Let X be the nonnegative reals, and let f simply be the inclusion X --> R.

Then, for any subset K of X, K is compact in X iff f(X) is compact in R.

12. Apr 29, 2005

### matt grime

But isn't f supposed to be invertible as a set map?

13. Apr 29, 2005

### HallsofIvy

Staff Emeritus
All compact sets are closed but not all closed sets are compact!
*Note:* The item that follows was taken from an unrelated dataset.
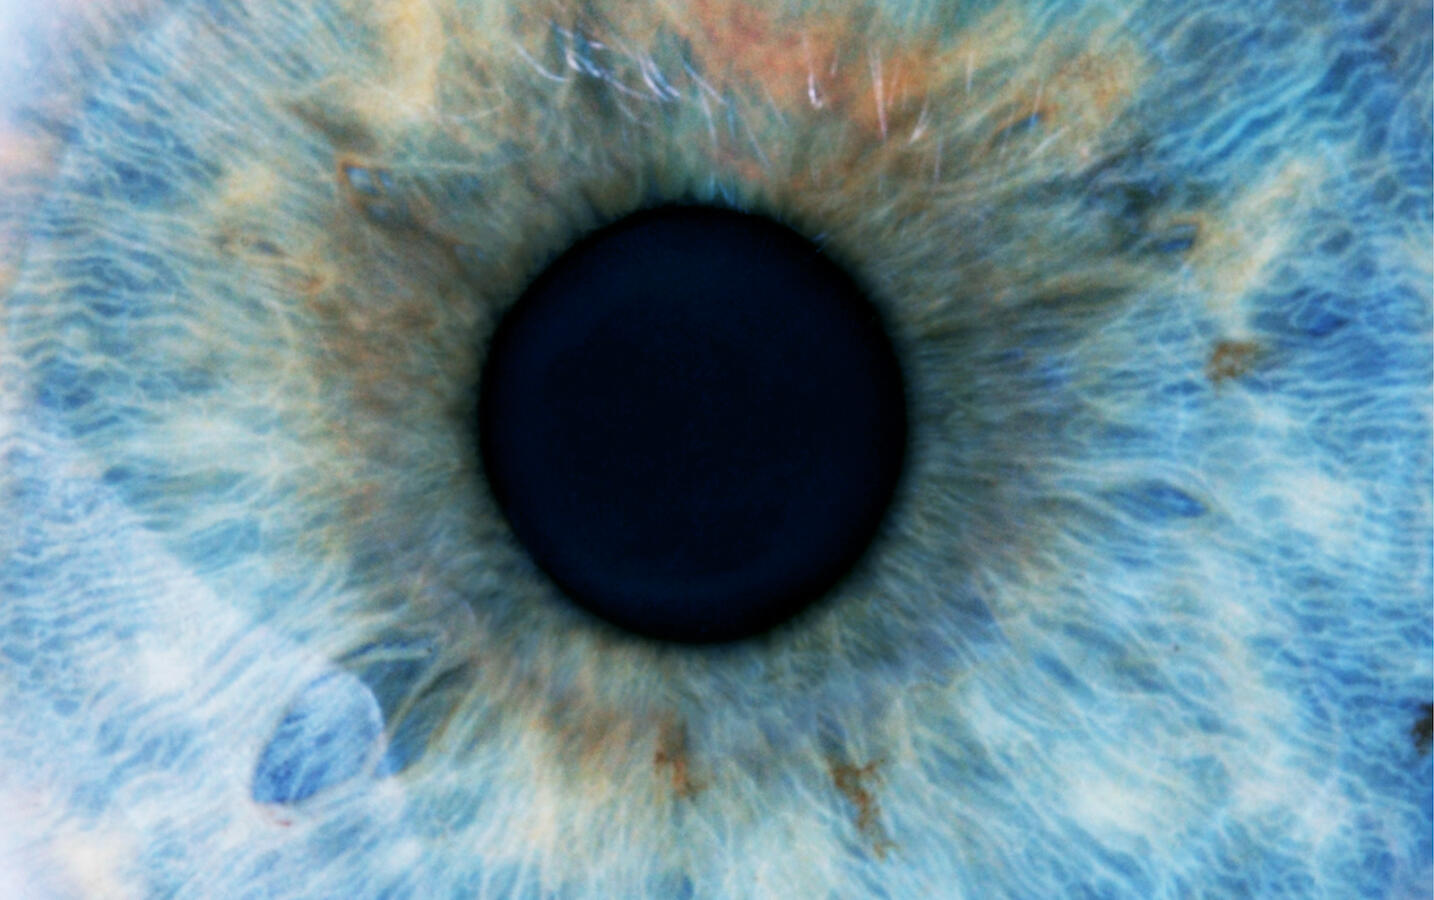 Dilated blue eye super close up

How does "send compact sets to compact sets" show "send closed sets to closed sets"?

14. Apr 29, 2005

### matt grime

Yes, and that is where my proof is completely wrong (for metric spaces), as Gunni has pointed out, and I agreed previously.
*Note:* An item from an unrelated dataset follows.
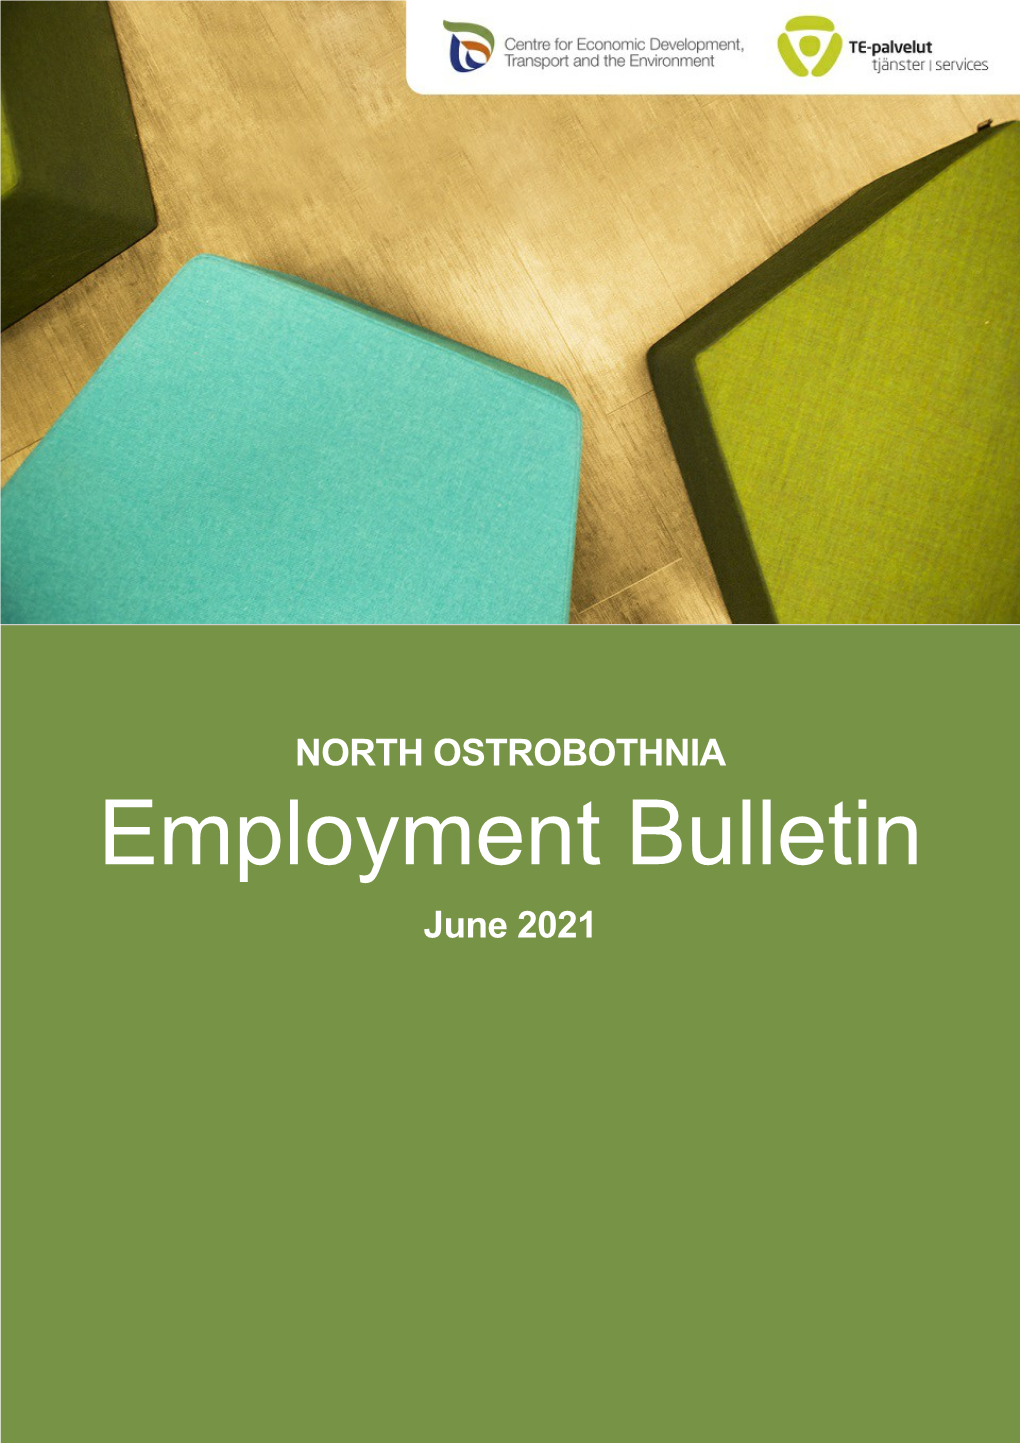 Employment Bulletin June 2021 NORTH OSTROBOTHNIA

The counter example in the non-metric space holds, though.
Another counter example there is, in the same vein:

Let R^2 be given two topologies: the usual zariski topology, and the product zariski topology. Then the natural identification of the underlying sets sends compact sets to compact sets but is not a homeomorphism.

Last edited: Apr 29, 2005
15. Apr 29, 2005

### Hurkyl

Staff Emeritus
Not the way the problem is stated...

16. Apr 29, 2005

### mansi

f being a homeomorphism...implies that f is invertible....

17. Apr 29, 2005

### Hurkyl

Staff Emeritus
The question was stated:

"That is, given that for every subset K that if K is compact then f(K) is compact, and vice versa, does it follow that f is an homeomorpism?"
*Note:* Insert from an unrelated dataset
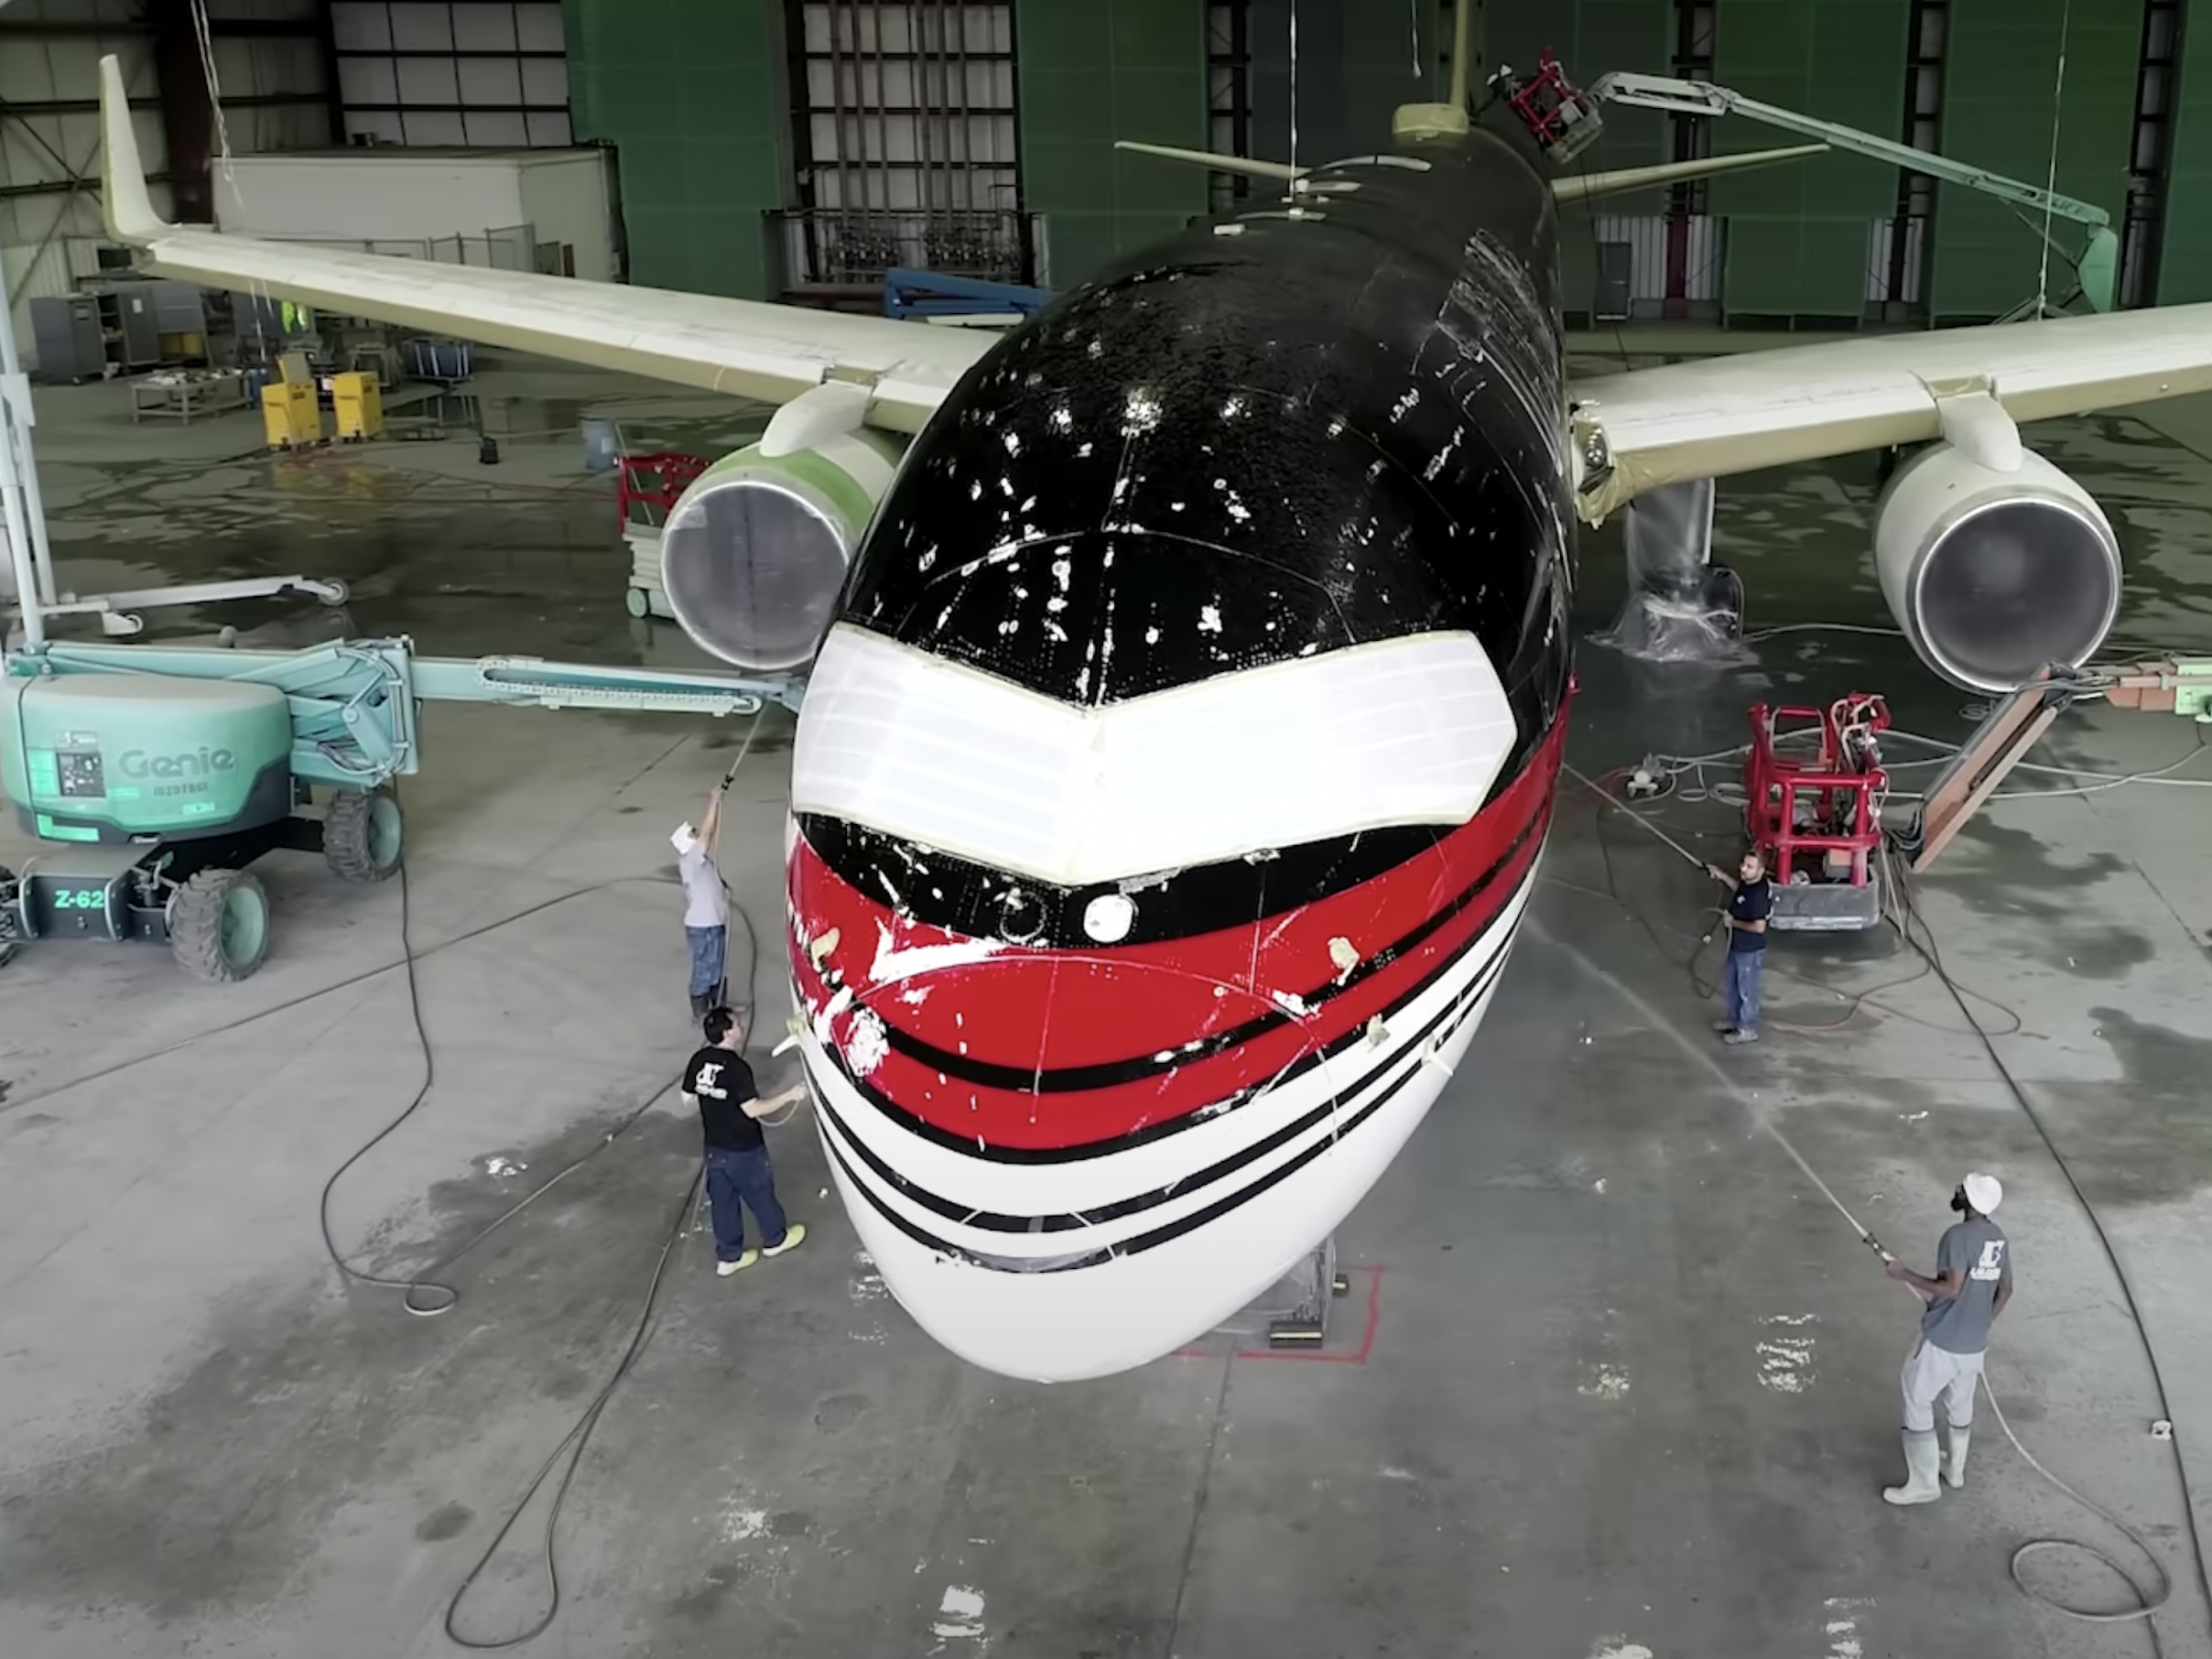 Trump's 757 getting a new paint job.

The goal was to prove f is a homeomorphism, not to assume it. :tongue2:

Anyways, the finite topological space is easily rectifiable to be a bijection -- simply pick any two nonhomeomorphic spaces of the same finite cardinality. Say... {0, 1} with the discrete and indiscrete topologies.

18. Apr 29, 2005

### mansi

yeah...you're right...

19. Apr 30, 2005

### matt grime

But the question as you state it Hurkyl is trivially false. If we don't allow the extra hypothesis that f is invertible as a set map, then pretty much an inclusion will suffice.

The original question talked bout one toone and onto homeomorphisms, as if there were homeos that weren't bijections, and it implicityl assumed it was a metric space. I think we ought to assume the question requires f to at least be a bijection, otherwise, as I say, it is vacuously false.

Last edited: Apr 30, 2005
20. Apr 30, 2005

### Hurkyl

Staff Emeritus
That's why I revised my counterexample to be a set bijection.

Well, there's another way to revise the question:

Given a function f:X-->Y, is:
For any subset S of X, S is compact iff f(S) is compact.
For any subset T of Y, T is compact iff f-1(T) is compact.
equivalent to
Then f is a homeomorphism.

I'm having difficulty coming up with a counterexample when X and Y are infinite.